Development and Validation of a New Chromatographic Method for the Simultaneous Estimation of Serratiopeptidase, Aceclofenac and Paracetamol by RP-HPLC
- *Corresponding Author:
- Afroze Alam
School of Pharmaceutical Sciences
Shoolini University, Bajhol, Solan-173 229
Himachal Pradesh, India
E-mail: [email protected]
Received Date: February 18, 2017 Accepted Date: March 07, 2017 Published Date: March 13, 2017
Citation: Navneet Kumar U, Afroze A, Pradeepti C, Shailendra K, Naik KK, et al. (2017) Development and Validation of a New Chromatographic Method for the Simultaneous Estimation of Serratiopeptidase, Aceclofenac and Paracetamol by RP-HPLC. Pharm Anal Chem 3: 122. doi: 10.4172/2471-2698.1000122
Copyright: © 2017 Navneet Kumar U, et al. This is an open-access article distributed under the terms of the Creative Commons Attribution License, which permits unrestricted use, distribution, and reproduction in any medium, provided the original author and source are credited.

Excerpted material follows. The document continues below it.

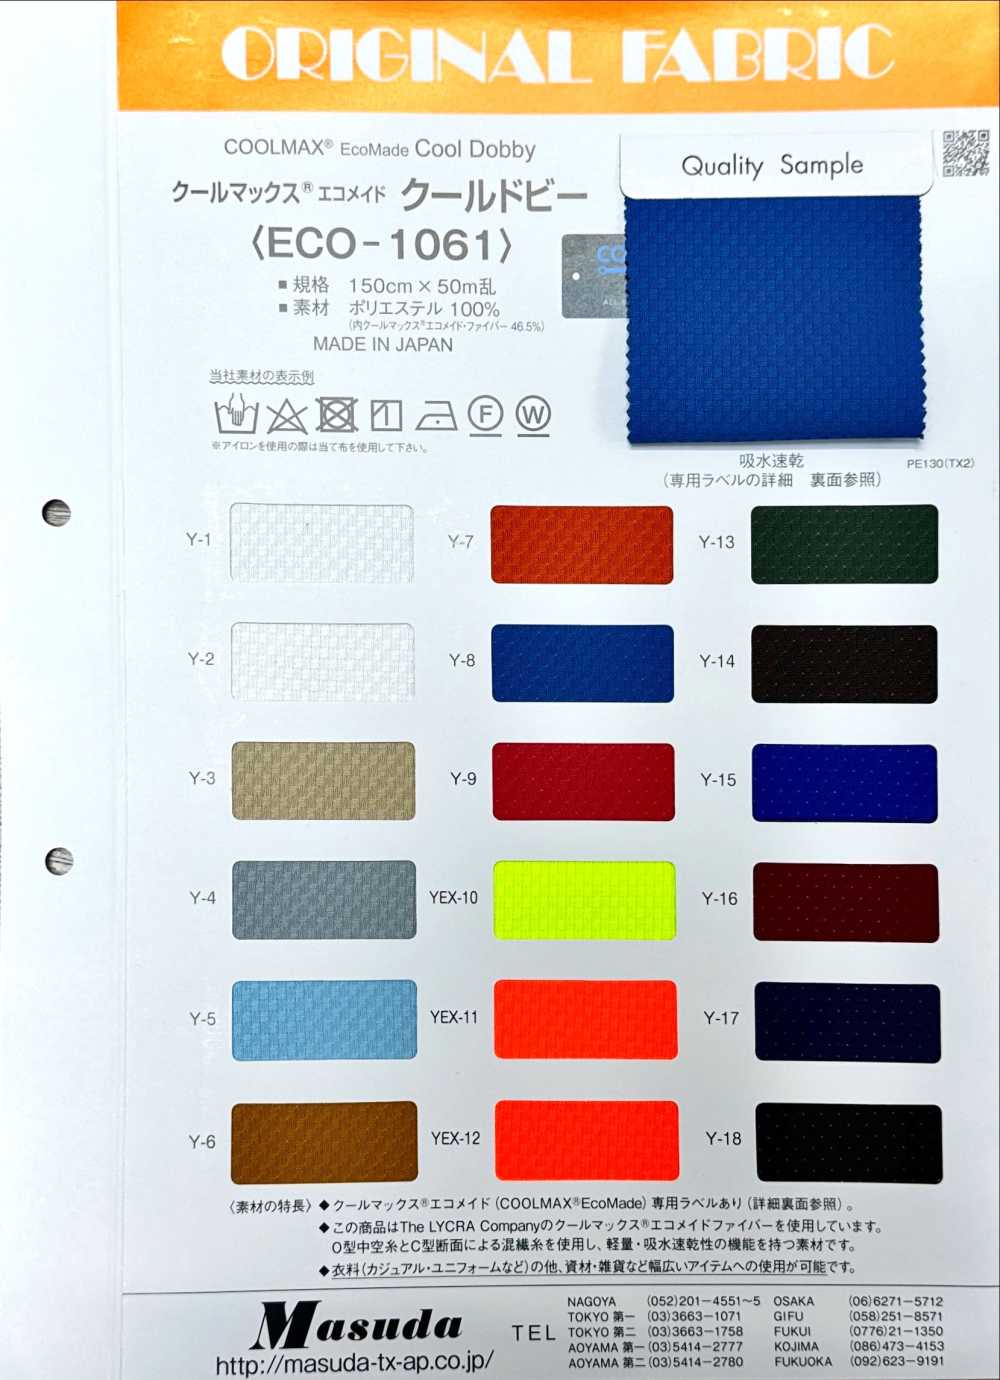 ECO-1061 Coolmax® Ecomade Cool Dobby[Textilgewebe] Masuda

Background: Method development, validation is an important parameter for the simultaneous estimation of Serratiopeptidase (SERA), Aceclofenac (ACE) and Paracetamol (PCM) by RP-HPLC, is supposed to be a costly and tedious process. The present study revealed using cheap and cost effective solvent system for the simultaneous estimation of Serratiopeptidase (SERA), Aceclofenac (ACE) and Paracetamol (PCM).
Objective: Development and validation of a new chromatographic method for the simultaneous estimation of Serratiopeptidase (SERA), Aceclofenac (ACE) and Paracetamol (PCM) by RP-HPLC of marketed formulations.
Methods: Simultaneous determination of SERA, ACE and PCM were carried out by RP-HPLC at the wavelength 327 nm, flow rate 0.4 mL/min, and the mobile phase used was water: methanol in the ratio (50:50 v/v). Further validation parameters such as system suitability, linearity, accuracy, precision, specificity, LOD, LOQ and robustness were taken into account to carry out the validation of the method.
Results: Absorbance maxima for the simultaneous determination were selected by the UV spectrophotometer and that was found to be 327 nm in methanol and water. During the process of RP-HPLC, the linearity was obtained in the concentration range of 2-10 μg/mL for SERA, 100-500 μg/mL for ACE and 20-100 μg/mL for PCM. Correlation coefficient (r) for SERA, ACE and PCM in methanol and water was found to be 0.9817, 0.991 and 0.9949 respectively.
Conclusion: The RP-HPLC method was simple, accurate, precise, and rapid and can be used for the simultaneous determination of SERA, ACE and PCM in bulk and pharmaceutical dosage form. The method is also economical as RP-HPLC grade water methanol in a ratio of (50:50) was used to achieve all the validation parameters.